Planar plane-wave matrix theory at the four loop order: Integrability without BMN scaling
Thomas Fischbacher, Thomas Klose, Jan Plefka
TL;DR
This work presents a four-loop perturbative analysis of planar SU(N) plane-wave matrix theory in its SU(2) subsector, obtaining the planar dilatation operator via a large-scale symbolic computation and revealing integrability beyond three loops. It develops a perturbative asymptotic Bethe Ansatz to characterize the two-magnon S-matrix, finding a structure similar to, yet distinct from, Beisert-Dippel-Staudacher and Arutyunov-Frolov-Staudacher forms, including an exponential phase tied to higher charges. The key result is the explicit demonstration that BMN scaling breaks down at four loops due to contact interactions (wrapping effects), even though integrability persists and degeneracies of parity-paired states are observed.
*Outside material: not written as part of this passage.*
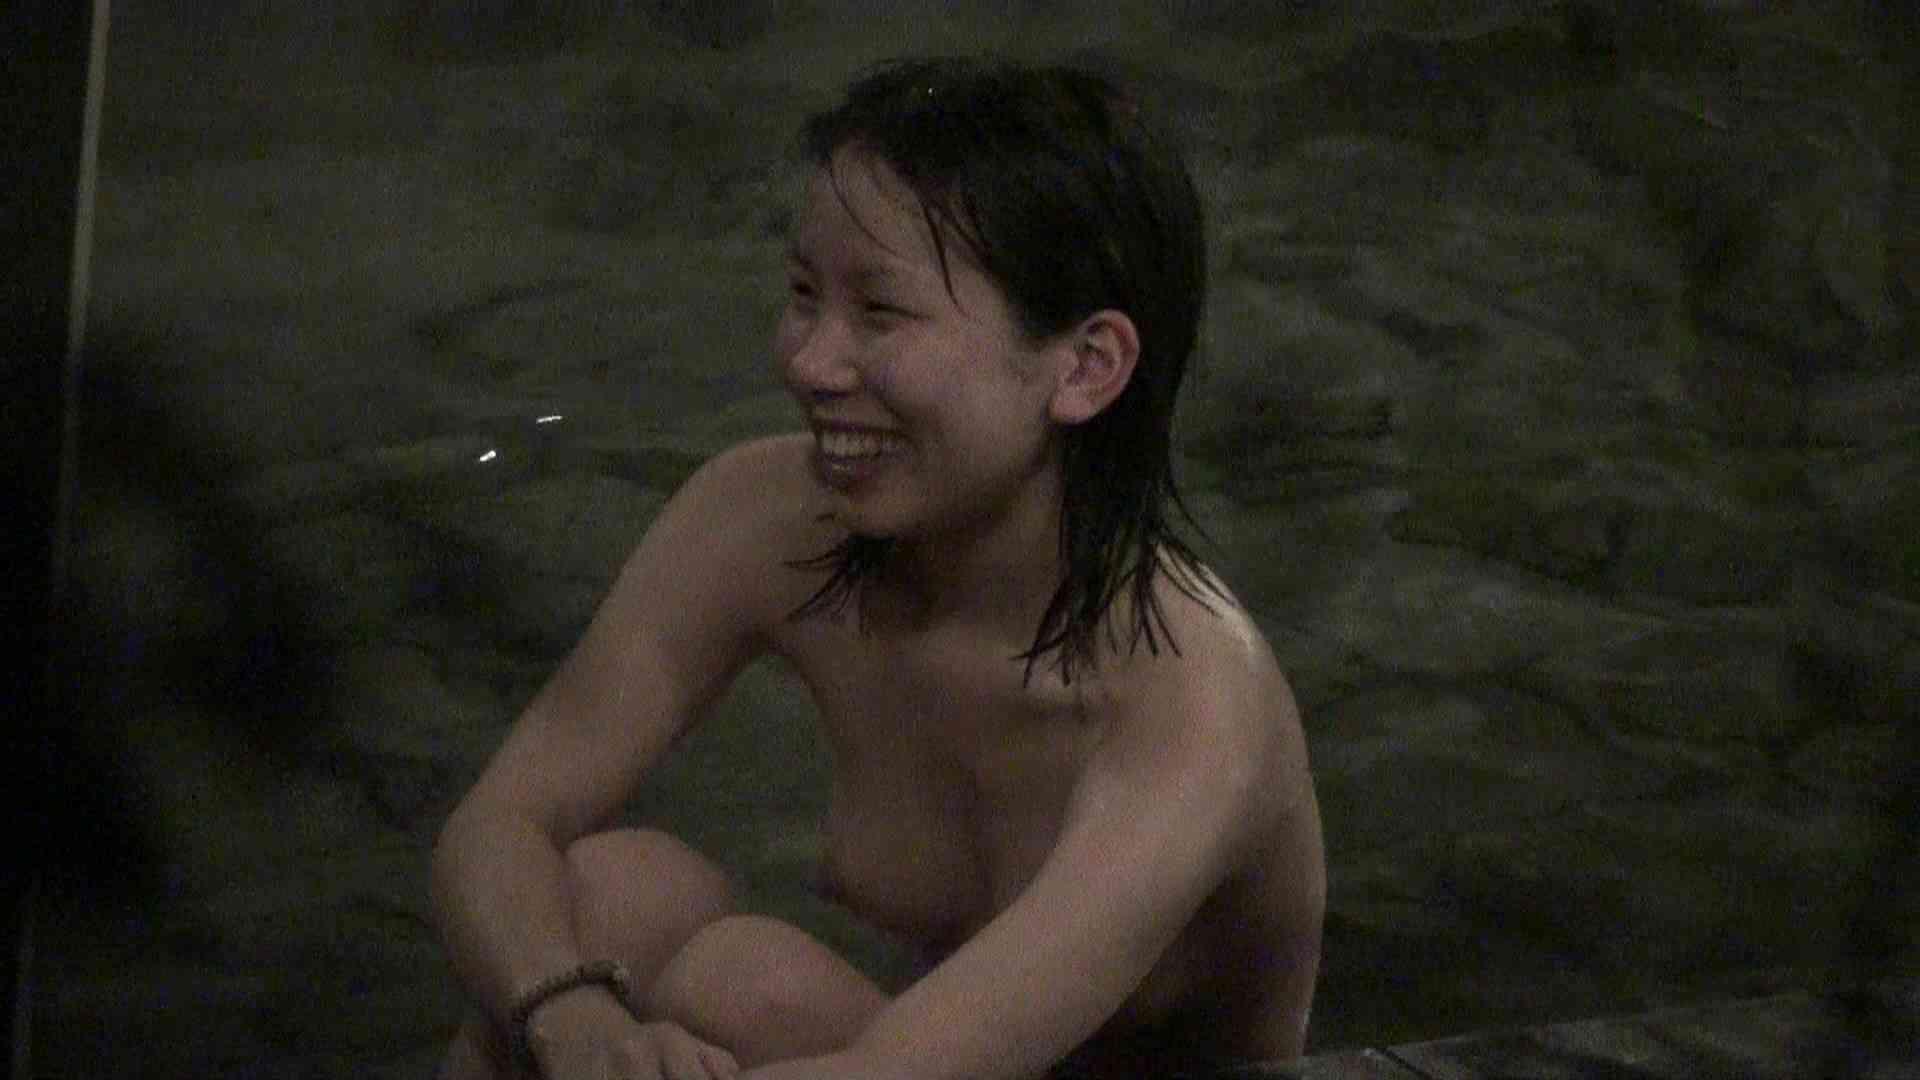 Aquaな露天風呂Vol.363 盗撮 | OLセックス  90画像 43

These findings illuminate the nuanced relationship between PWMT and N=4 SYM, highlight the role of wrapping in long-range spin chains, and showcase a computational framework (gemstone) capable of tackling high-order planar perturbation theory. The work suggests a generic long-range integrable spin-chain S-matrix with exponential factors and paves the way for further exploration of PWMT’s integrable structure and its connection to gauge/string dualities.
Abstract
We study SU(N) plane-wave matrix theory up to fourth perturbative order in its large N planar limit. The effective Hamiltonian in the closed su(2) subsector of the model is explicitly computed through a specially tailored computer program to perform large scale distributed symbolic algebra and generation of planar graphs. The number of graphs here was in the deep billions. The outcome of our computation establishes the four-loop integrability of the planar plane-wave matrix model. To elucidate the integrable structure we apply the recent technology of the perturbative asymptotic Bethe Ansatz to our model. The resulting S-matrix turns out to be structurally similar but nevertheless distinct to the so far considered long-range spin-chain S-matrices of Inozemtsev, Beisert-Dippel-Staudacher and Arutyunov-Frolov-Staudacher in the AdS/CFT context. In particular our result displays a breakdown of BMN scaling at the four-loop order. That is, while there exists an appropriate identification of the matrix theory mass parameter with the coupling constant of the N=4 superconformal Yang-Mills theory which yields an eigth order lattice derivative for well seperated impurities (naively implying BMN scaling) the detailed impurity contact interactions ruin this scaling property at the four-loop order. Moreover we study the issue of ``wrapping'' interactions, which show up for the first time at this loop-order through a Konishi descendant length four operator.